Chris Coleman

No. 17, 80
- Position: Wide receiver

Personal information
- Born: May 8, 1977 (age 49) Shelby, North Carolina, U.S.
- Listed height: 6 ft 0 in (1.83 m)
- Listed weight: 202 lb (92 kg)

Career information
- High school: Crest (Shelby)
- College: NC State (1996–1999)
- NFL draft: 2000: undrafted

Career history
- Tennessee Titans (2000)*; Green Bay Packers (2000)*; Tennessee Titans (2000–2001); → Amsterdam Admirals (2001); Orlando Predators (2003); Montreal Alouettes (2003);
- * Offseason or practice squad member only

Awards and highlights
- All-NFL Europe (2001);
- Stats at Pro Football Reference

= Chris Coleman (wide receiver, born 1977) =

American football player (born 1977)

Christopher Tyrone Coleman (born May 8, 1977) is an American former professional football wide receiver who played two seasons with the Tennessee Titans of the National Football League (NFL). He played college football at NC State. He also played for the Amsterdam Admirals of NFL Europe and the Montreal Alouettes of the Canadian Football League (CFL).

==Early life==
Christopher Tyrone Coleman was born on May 8, 1977, in Shelby, North Carolina. He attended Crest High School in Shelby.

==College career==
Coleman was a four-year letterman for the NC State Wolfpack from 1996 to 1999. He caught 15 passes for 284 yards and one touchdown in 1996 while also returning one punt 47 yards for a touchdown. He recorded 14	receptions for 262 yards and one touchdown in 1997. As a junior in 1998, Coleman totaled 52 catches for 876 yards and five touchdowns, and one punt return for 30 yards and a touchdown. He caught 41 passes for 487 yards and one touchdown his senior year in 1999 while also returning seven punts for 46 yards.

==Professional career==
After going undrafted in the 2000 NFL draft, Coleman signed with the Tennessee Titans on April 28. He was waived on August 22, 2000.

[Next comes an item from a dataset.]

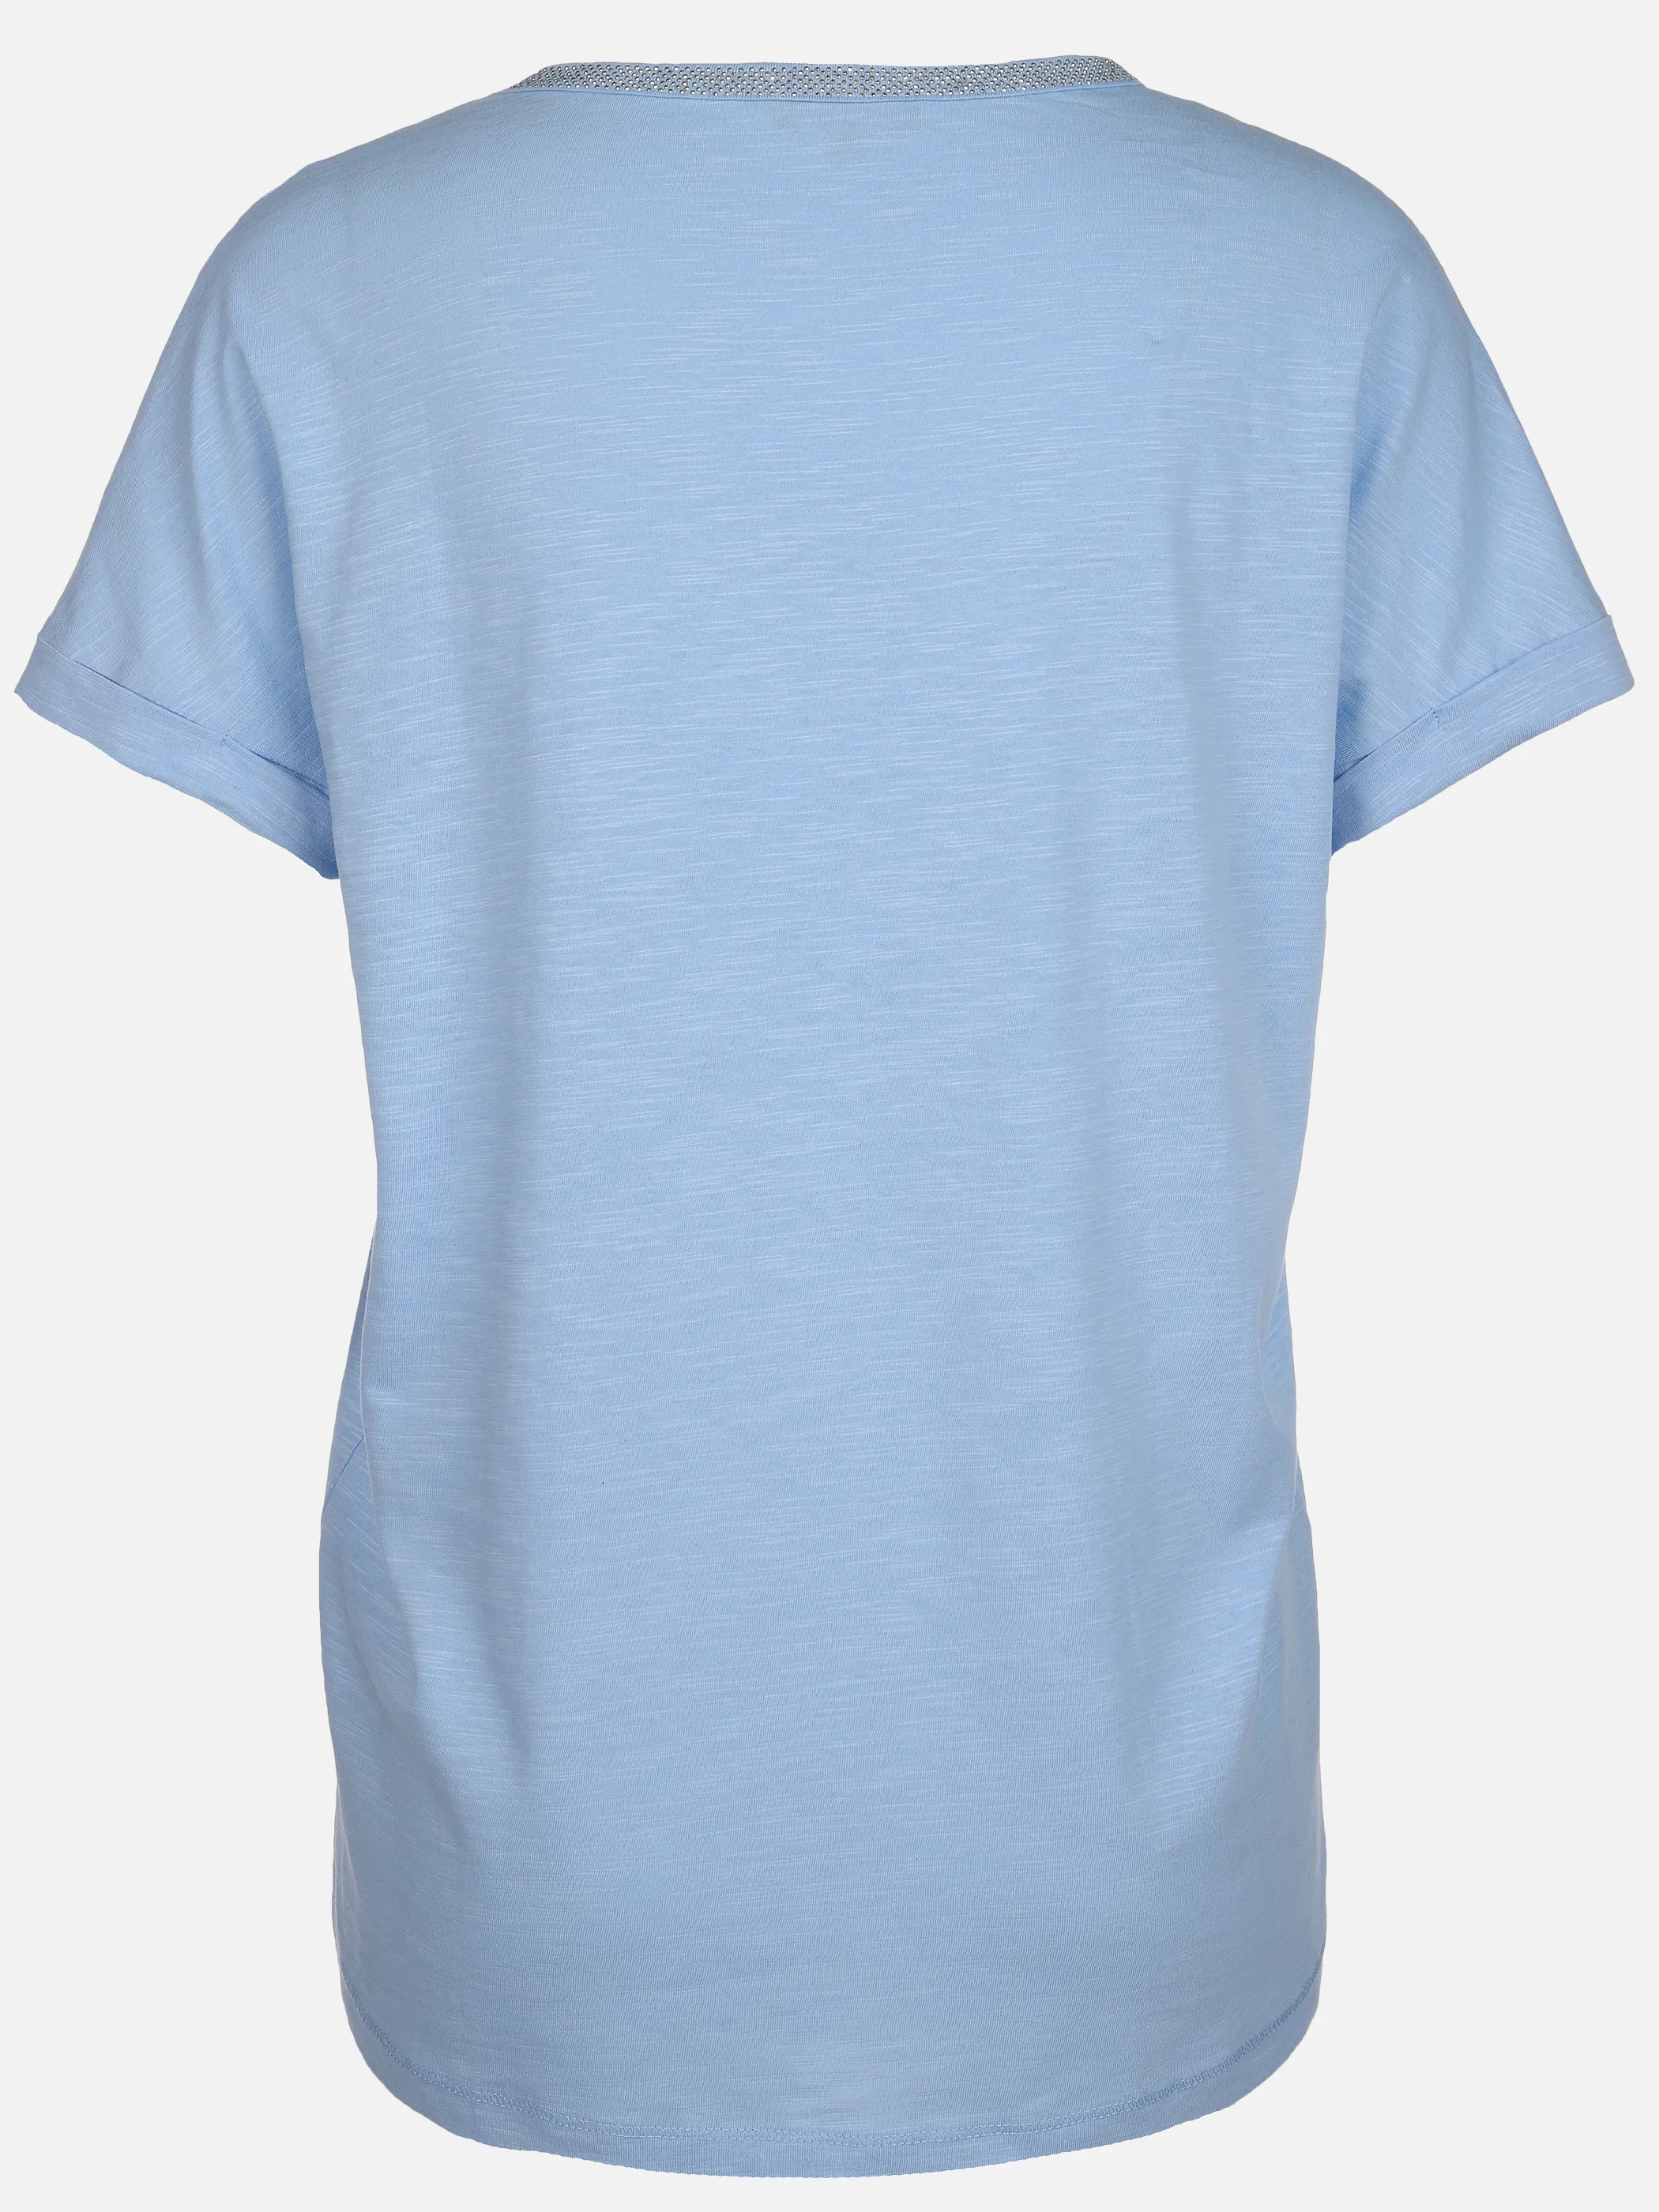 Sure Da-T-Shirt m. Nietendeko Blau 890103 CLOUDBLUE 2

Coleman was claimed off waivers by the Green Bay Packers on August 23, 2000, but was soon waived on August 25, 2000.

He was signed to the Titans' practice squad on August 29, 2000. He was waived again on September 5 but signed to the practice squad again on September 8. He was promoted to the active roster on September 29 and played in 13 games for the Titans during the 2000 season, recording eight solo tackles, three assisted tackles, and two kick returns for 54 yards. On January 7, 2001, Coleman blocked two punts in a 24–10 playoff loss to the Baltimore Ravens. He was allocated to NFL Europe to play for the Amsterdam Admirals in 2001. He started all ten games for the Admirals during the 2001 NFL Europe season, accumulating 51 receptions for 710 yards and eight touchdowns, two tackles, and one blocked kick. He earned All-NFL Europe honors. Coleman appeared in all 16 games for the Titans in 2001, totaling one reception for 19 yards on four targets, 11 kick returns for 251 yards, and five solo tackles. He was released on September 1, 2002.

Coleman was signed by the Orlando Predators of the Arena Football League on November 16, 2002. He was placed on injured reserve on January 28, 2003, and was waived on February 19, 2003.

He played in five games for the Montreal Alouettes of the Canadian Football League in 2003, recording nine catches for 120 yards.

==Post-playing career==
Coleman spent time working as a real estate broker after his playing career. He graduated from the University of Phoenix with a Masters in Business Administration.

He has spent time as an assistant coach at Lenoir–Rhyne University and Southern University. He was also a coaching intern with the St. Louis Rams.